Let $(\Omega,\mathcal{A},\mathbb{P})$ a probability space. Let $(X_t)_{t \in [0,T]}$, $(Y_t)_{t \in [0,T]}$ (real-valued) centered Gaussian processes such that the finite dimensional distributions coincide, i.e.
$$\mathbb{E}X_t = \mathbb{E}Y_t = 0 \qquad \qquad C(s,t) := \mathbb{E}(X_s \cdot X_t) = \mathbb{E}(Y_s \cdot Y_t)$$
Moreover, assume that the trajectories $t \mapsto X(t,\omega)$, $t \mapsto Y(t,\omega)$ are in $L^2([0,T])$ for all $w \in \Omega$.
Does the equality
$$\mathbb{P}(\|X-\varphi\|_{L^2}<\delta) = \mathbb{P}(\|Y-\varphi\|_{L^2}<\delta) := \mathbb{P} \left\{\omega; \left(\int_0^T |Y(t,\omega)-\varphi(t)|^2 \, dt \right)^{\frac{1}{2}} < \delta \right\}$$ hold for $\varphi \in L^2([0,T]), \delta>0$? Equivalently: Do the distributions of the mappings
$$\Omega \ni \omega \mapsto X(\cdot,\omega) \in L^2([0,T]) \qquad \Omega \ni \omega \mapsto Y(\cdot,\omega) \in L^2([0,T]) \tag{1}$$
on $L^2([0,T])$, endowed with the Borel-$\sigma$-algebra generated by the $L^2$-norm, coincide?

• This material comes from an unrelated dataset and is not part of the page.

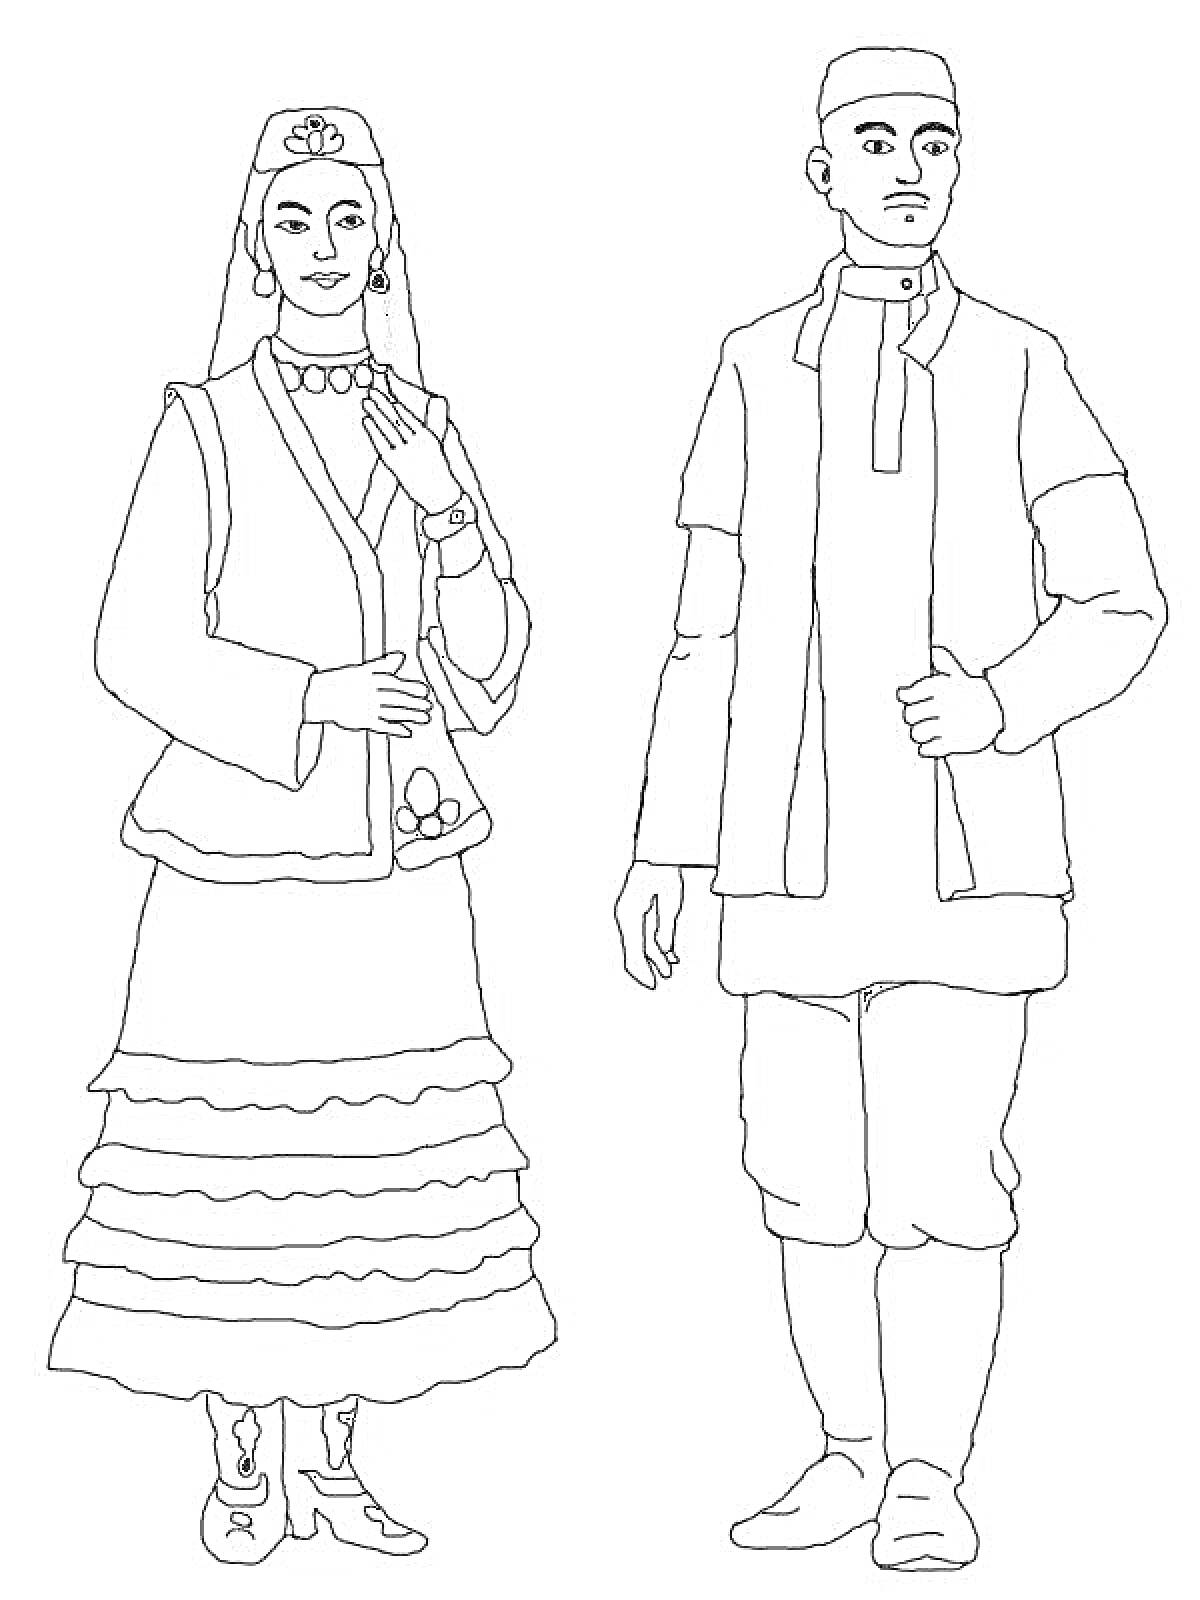 Раскраска Традиционные национальные костюмы мужчины и женщины, состоящие из головных уборов, верхней и нижней одежды
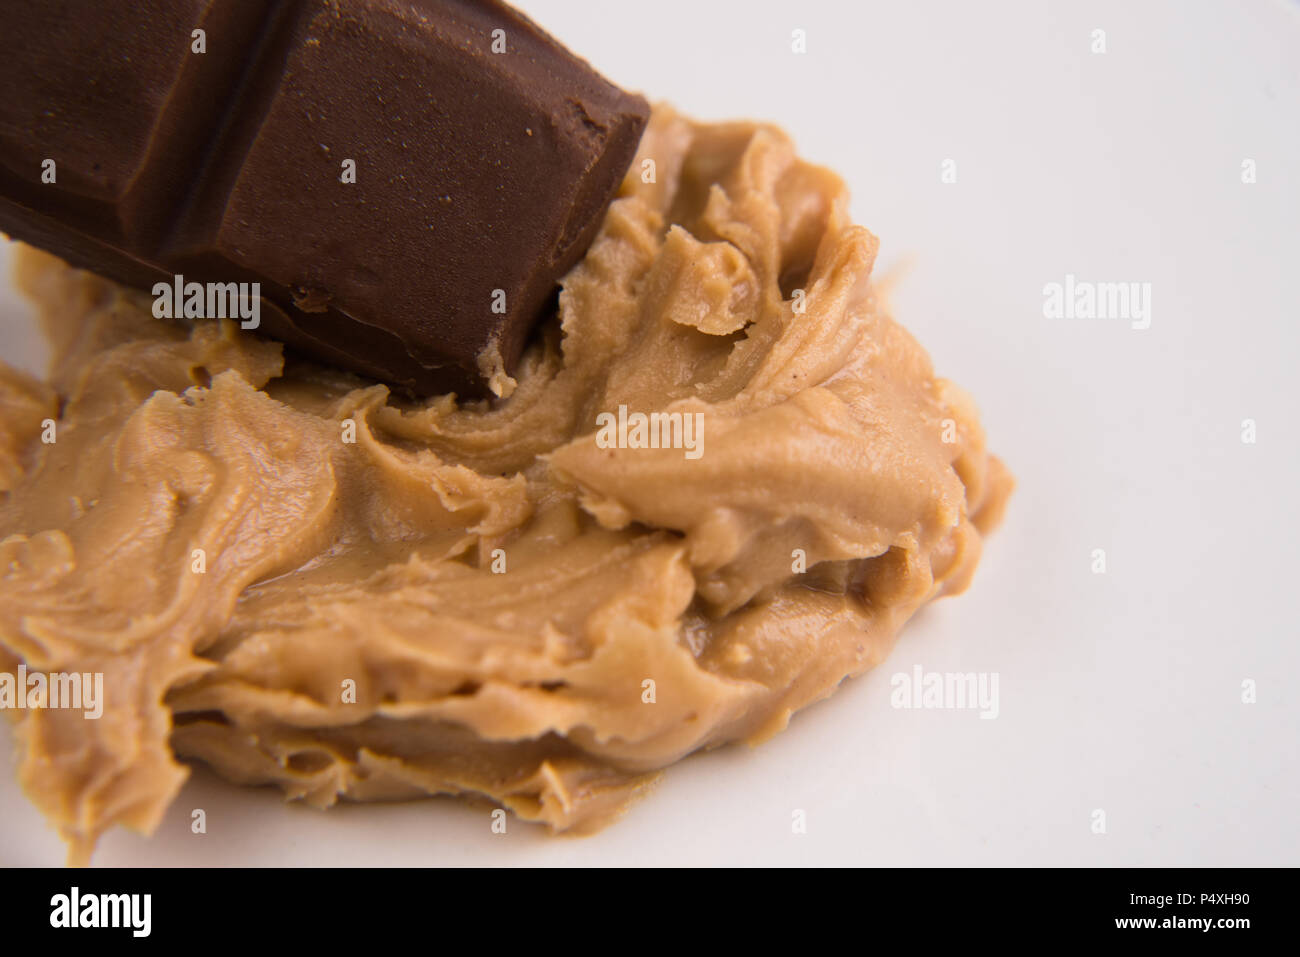 Primo piano di un burro di arachidi e barra di cioccolato su sfondo bianco Foto Stock

Using the definition of the finite dimensional distributions (and Kolmogorov's extension theorem), it's not difficult to see that the distributions of the mappings in $(1)$ coincide with respect to the product-$\sigma$-algebra on $L^2([0,T])$.
Right from the intuition, I would say, that the open balls $B(\varphi,\delta)$ are not contained in the product-$\sigma$-algebra, because I need the information about the whole path to decide whether it is an element of this ball - consequently, this approach does not work out.
I would appreciate any hints & suggestions. Thanks!